First Quarter 2022 Earnings Highlights
- MAUs grew 19% Y/Y to 422 million or 419 million excluding a
one-time benefit of 3 million MAUs
- Premium Subscribers grew 15% Y/Y to 182 million (inclusive of
approximately 1.5 million disconnects from the wind-down of our
Russian operations)
- Premium ARPU grew 6% Y/Y in Q1 and 3% Y/Y on a constant
currency basis
- Gross Margin finished at 25.2%
- Announced agreement with Google for User Choice Billing and a
long-term partnership agreement with FC Barcelona
MONTHLY ACTIVE USERS (“MAUs”)
Total MAUs grew 19% Y/Y to 422 million in the quarter, up from
406 million last quarter and above our guidance by 4 million.
During March, there was a brief service outage that caused users to
be involuntarily logged out of Spotify. As a result, we believe
certain affected users created new accounts to log back in,
resulting in approximately 3 million additional MAUs in the
quarter. Following the one month anniversary of the outage in
April, we saw a reversal of the approximate 3 million MAU benefit.
Excluding this event, we believe MAUs would have reached 419
million in Q1, with growth exceeding our expectations by
approximately 1 million users. The business benefited from
outperformance in Latin America and Rest of World, led by
Indonesia, Brazil, and Mexico. MAU growth was particularly strong
in our Gen Z audience, fueled by successful product feature
launches such as our Lyrics experience, as well as marketing and
content initiatives.
PREMIUM SUBSCRIBERS
Our Premium Subscribers grew 15% Y/Y to 182 million in the
quarter, up from 180 million last quarter. While this is slightly
below our guidance, after excluding the involuntary churn of
approximately 1.5 million subscribers as a result of our exit from
Russia, growth was above expectations and aided by outperformance
in Latin America and Europe.
During Q1, we entered into a multiyear agreement with Google for
User Choice Billing, bringing our Android users greater flexibility
in payment choice and enabling a frictionless user experience for
all in-app transactions. We anticipate this new offering to launch
later this year. Users who have downloaded Spotify from the Google
Play Store will be presented with a choice to pay either with
Spotify’s payment system or with Google Play Billing for the very
first time. We also announced a promotional partnership with
Walmart (offering 6 month trials to Walmart+ members in the United
States) and a data access program with Airtel (whereby Airtel is
offering all Spotify customers complimentary connectivity to
Spotify in Nigeria).
FINANCIAL METRICS
Revenue Revenue of €2,661 million grew 24% Y/Y in Q1 (or
19% Y/Y on a constant currency basis) and was above our guidance.

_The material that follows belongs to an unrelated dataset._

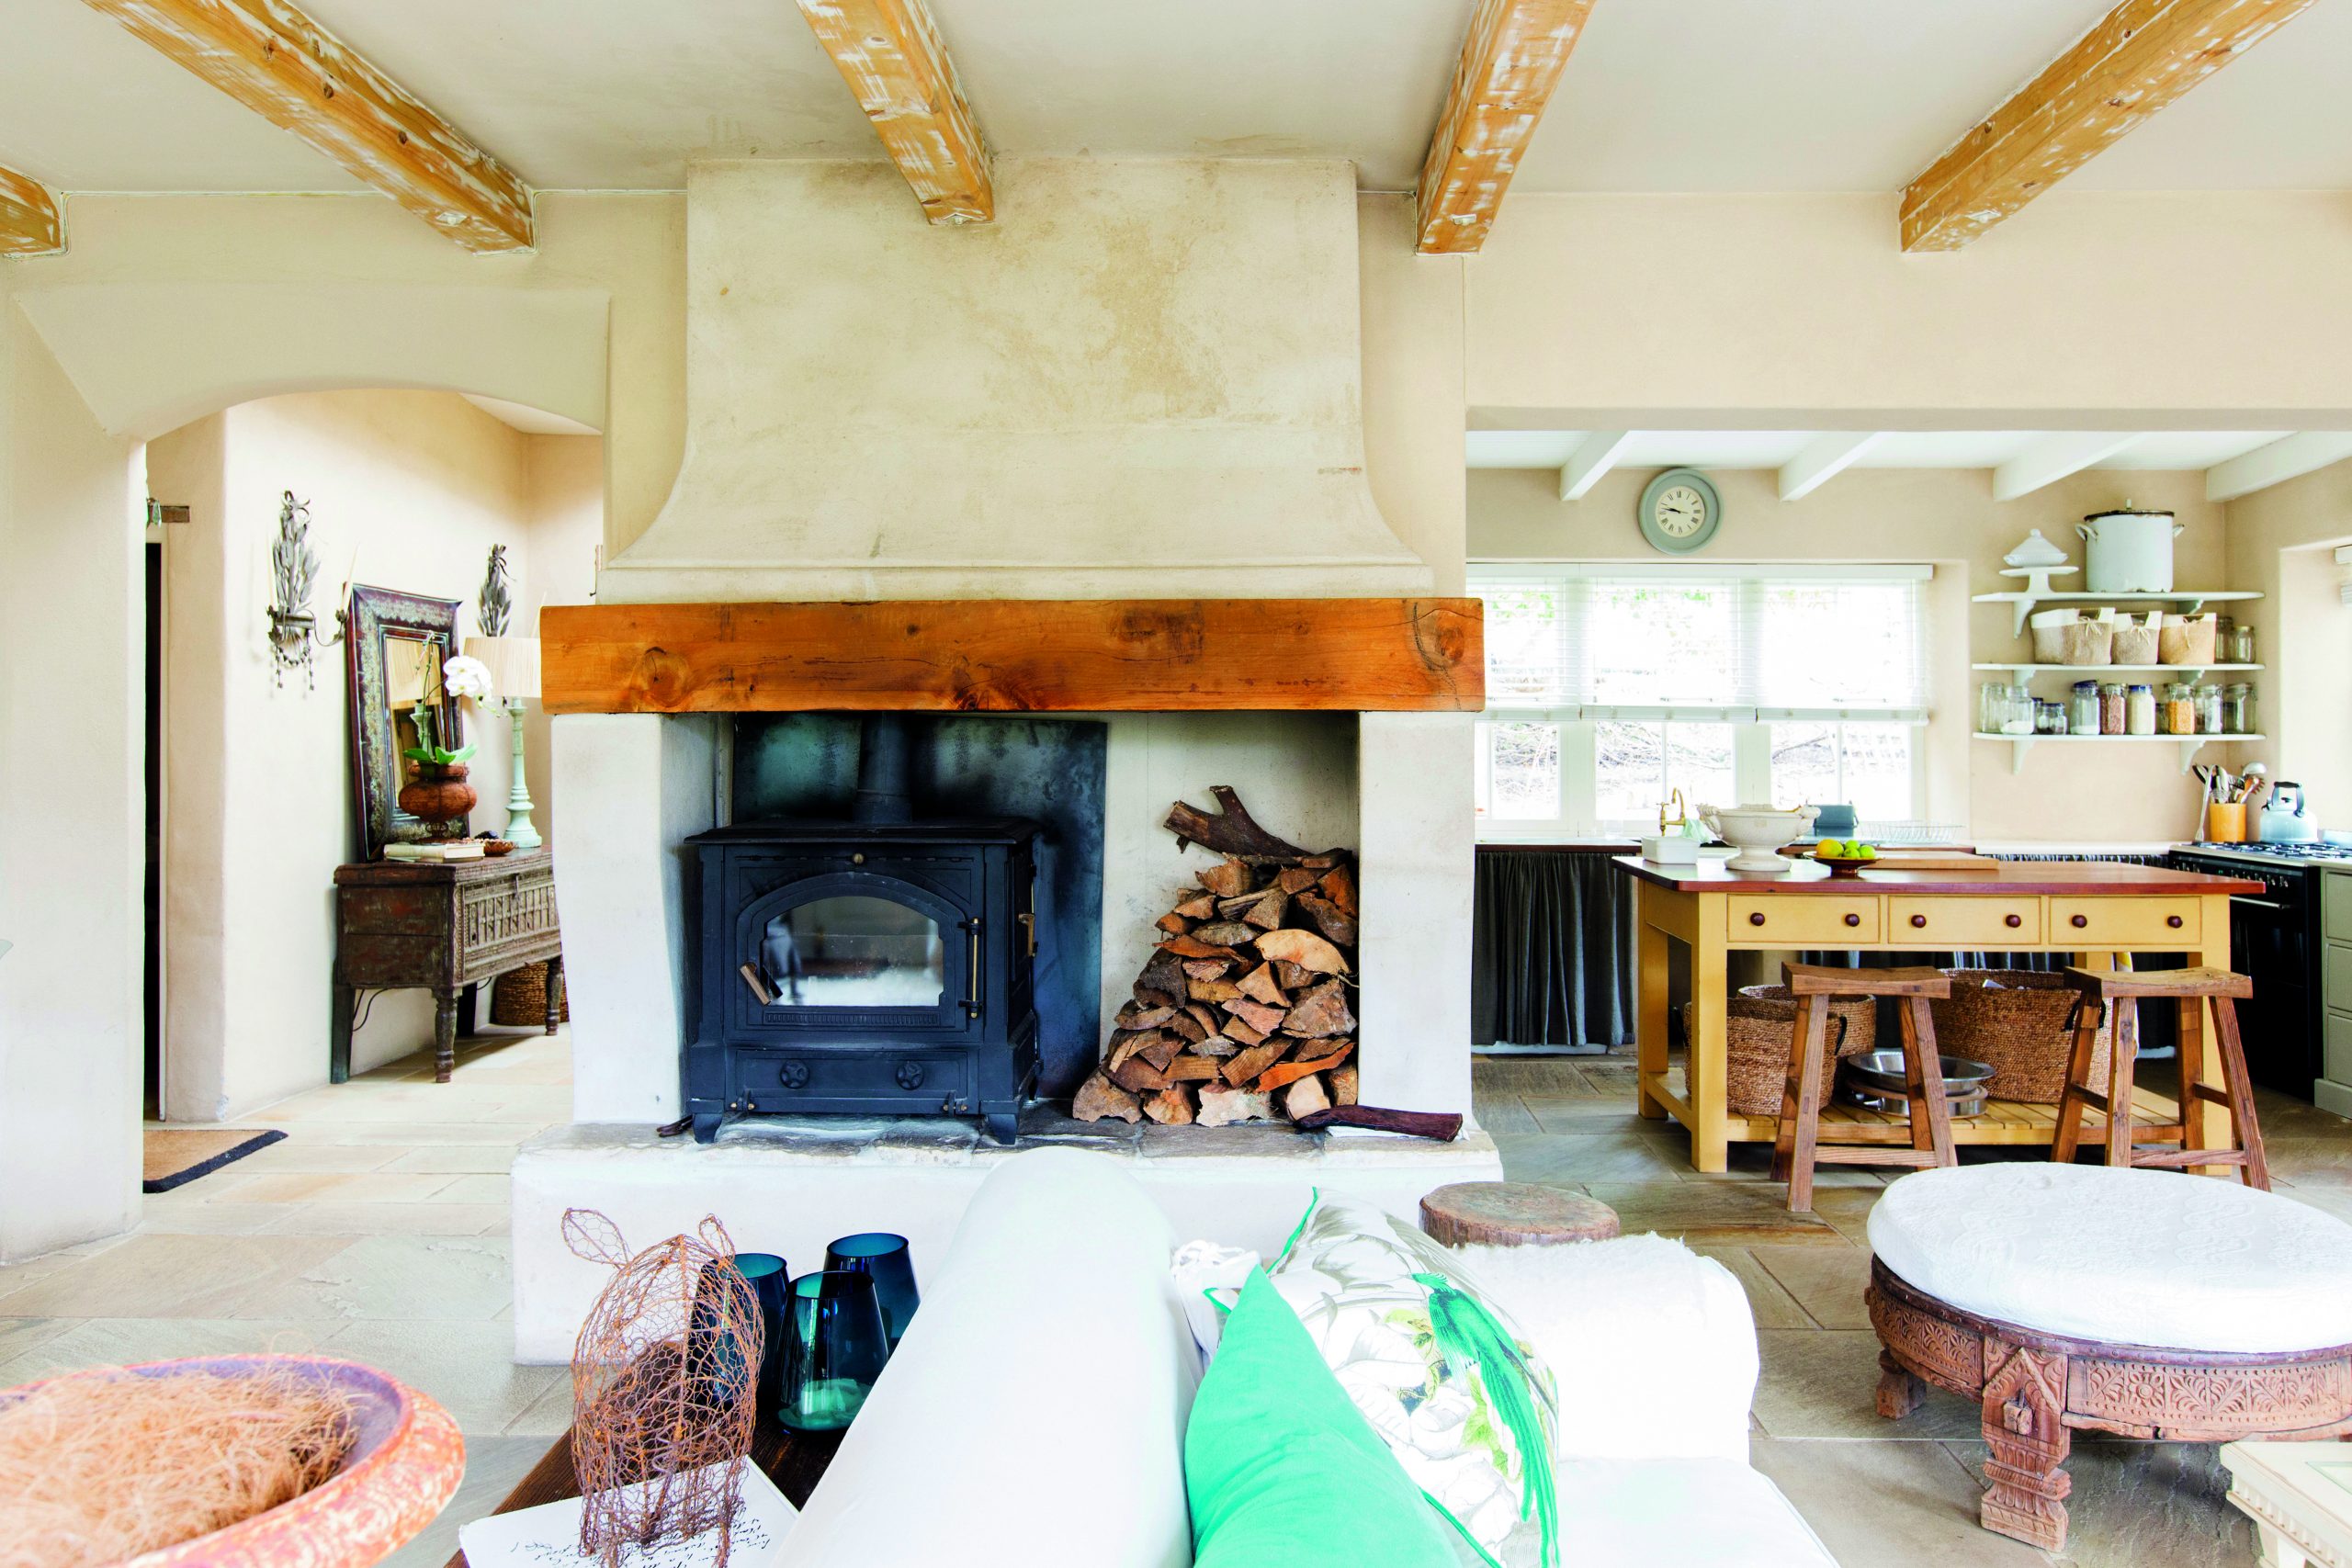 The clever use of reclaimed oak furniture can give a space the look a cottage.

Premium Revenue grew 23% Y/Y to €2,379 million (or 18% Y/Y constant
currency) while Ad-Supported Revenue grew 31% Y/Y to €282 million
(or 22% Y/Y constant currency).
Within Premium, average revenue per user (“ARPU”) of €4.38 in Q1
was up 6% Y/Y (or up 3% Y/Y constant currency). Excluding the
impact of FX, we saw a benefit to ARPU from our price increases in
2021 and favorable product mix shift.
We achieved our largest Q1 ever for Ad-Supported Revenue (11% of
Total Revenue) and saw strong Y/Y growth across all regions and
channels. Music Ad-Supported Revenue benefited from a Y/Y increase
in impressions and healthy double-digit growth in CPMs. Podcast
revenue strength was led by the Spotify Audience Network along with
continued growth across existing Spotify studios and our exclusive
licensing deals. Starting in January, we began to roll out a new
on-platform podcast ad experience in the United States called
call-to-action (CTA) cards. CTA cards make podcast ads interactive
for the first time and allow listeners to directly discover
products and services of interest without having to remember promo
codes.
During the quarter, we announced the acquisition of Podsights, a
leading podcast advertising measurement service that helps
advertisers better measure and scale their podcast advertising.

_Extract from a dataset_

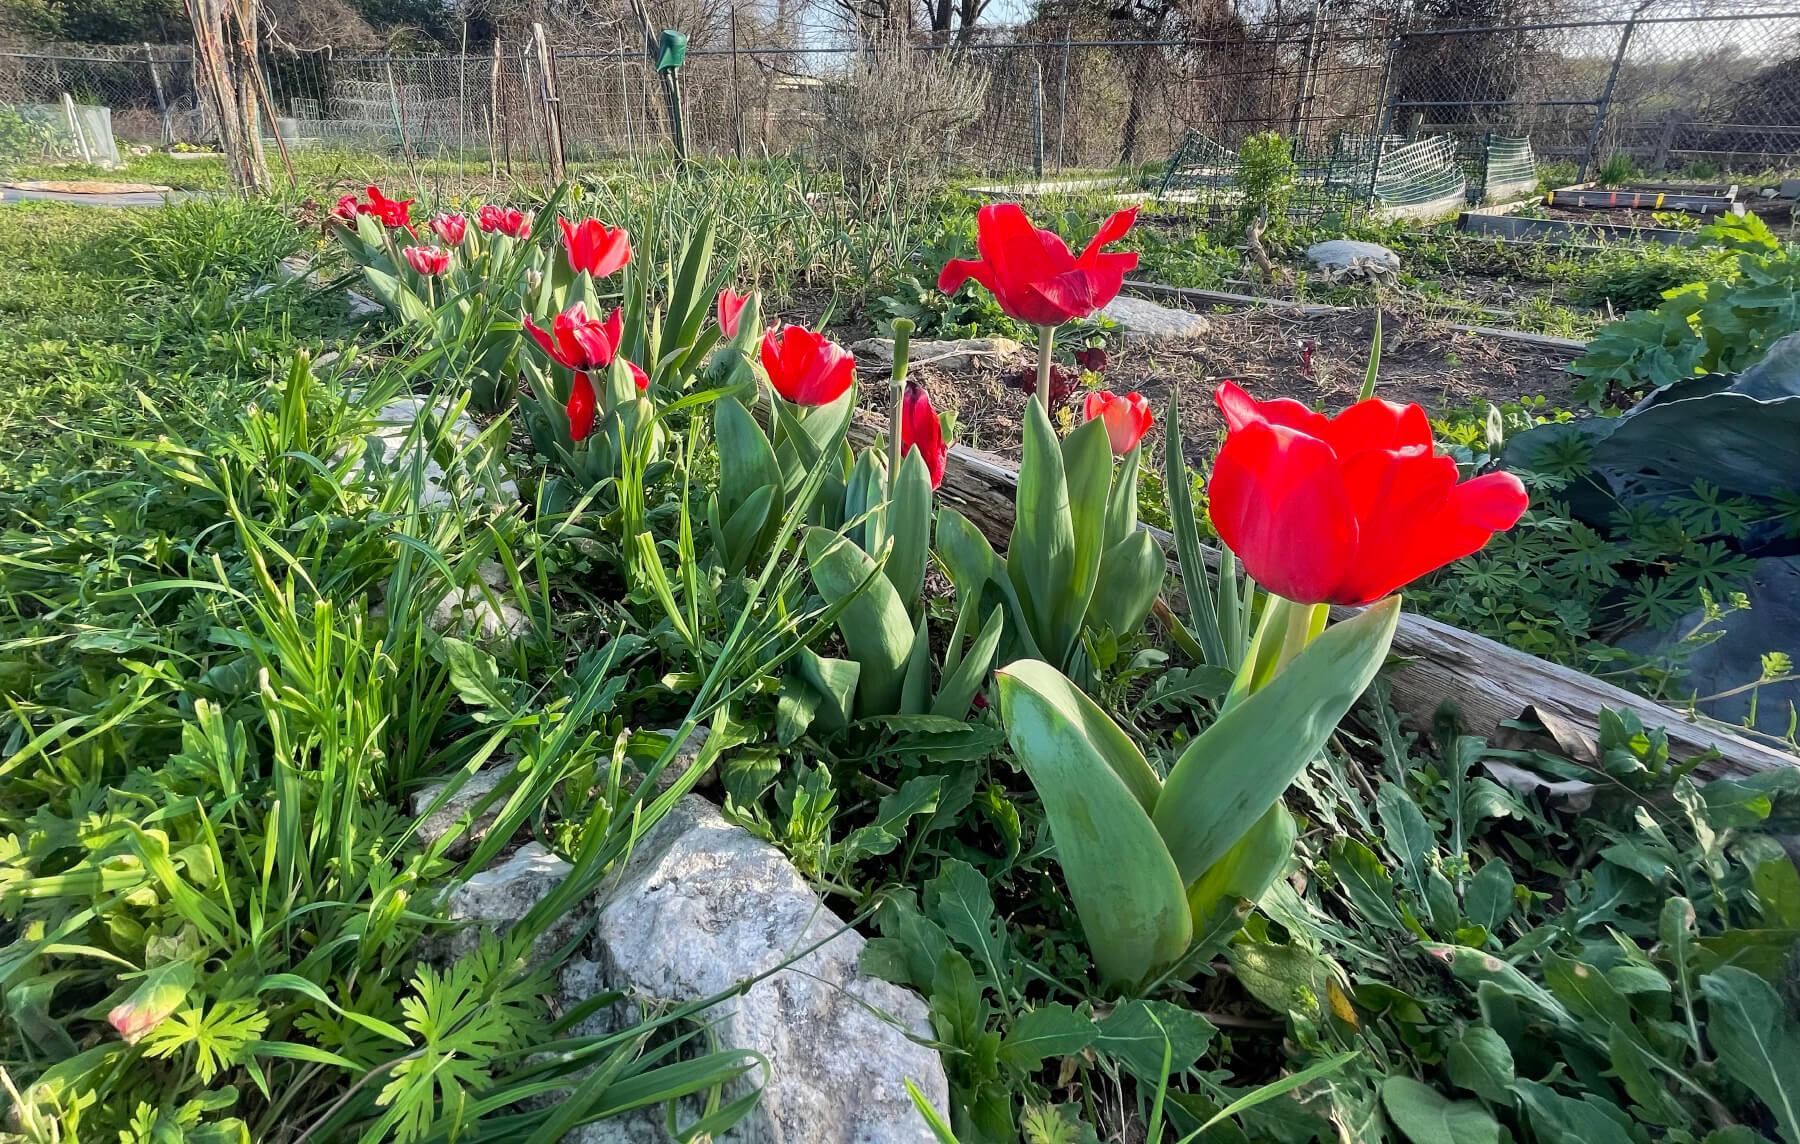 Bright red tulips and green leaves in a garden

Additionally, we acquired Chartable, a podcast analytics platform
that enables publishers to know and grow their podcast audiences
through promotional attribution and audience insight tools.
Gross Margin Gross Margin finished at 25.2% in Q1,
slightly above guidance and down 29 bps Y/Y. The Y/Y Gross Margin
trend reflected a favorable revenue mix shift towards podcasts and
growing marketplace activity, which was offset by increased
non-music content spend, investments in music product enhancements,
and modestly higher Other Cost of Revenue.
Premium Gross Margin was 28.4% in Q1, up 51 bps Y/Y, and
Ad-Supported Gross Margin was (1.5)% in Q1, or down 584 bps Y/Y. As
a reminder, all content costs related to podcast investment are
included in the Ad-Supported business for the current and
historical periods.
Operating Expenses Operating Expenses totaled €677
million in Q1, an increase of 27% Y/Y. Social Charges were lower
than forecast given the decrease in our share price during the
quarter. Excluding the impact of Social Charge movements, Operating
Expenses were slightly higher than forecast due to higher personnel
costs, which was partially offset by lower advertising
expenses.
As a reminder, Social Charges are payroll taxes associated with
employee salaries and benefits, including share-based compensation.
We are subject to social taxes in several countries in which we
operate, although Sweden accounts for the bulk of the social costs.
We don’t forecast stock price changes in our guidance so upward or
downward movements will impact our reported operating expenses.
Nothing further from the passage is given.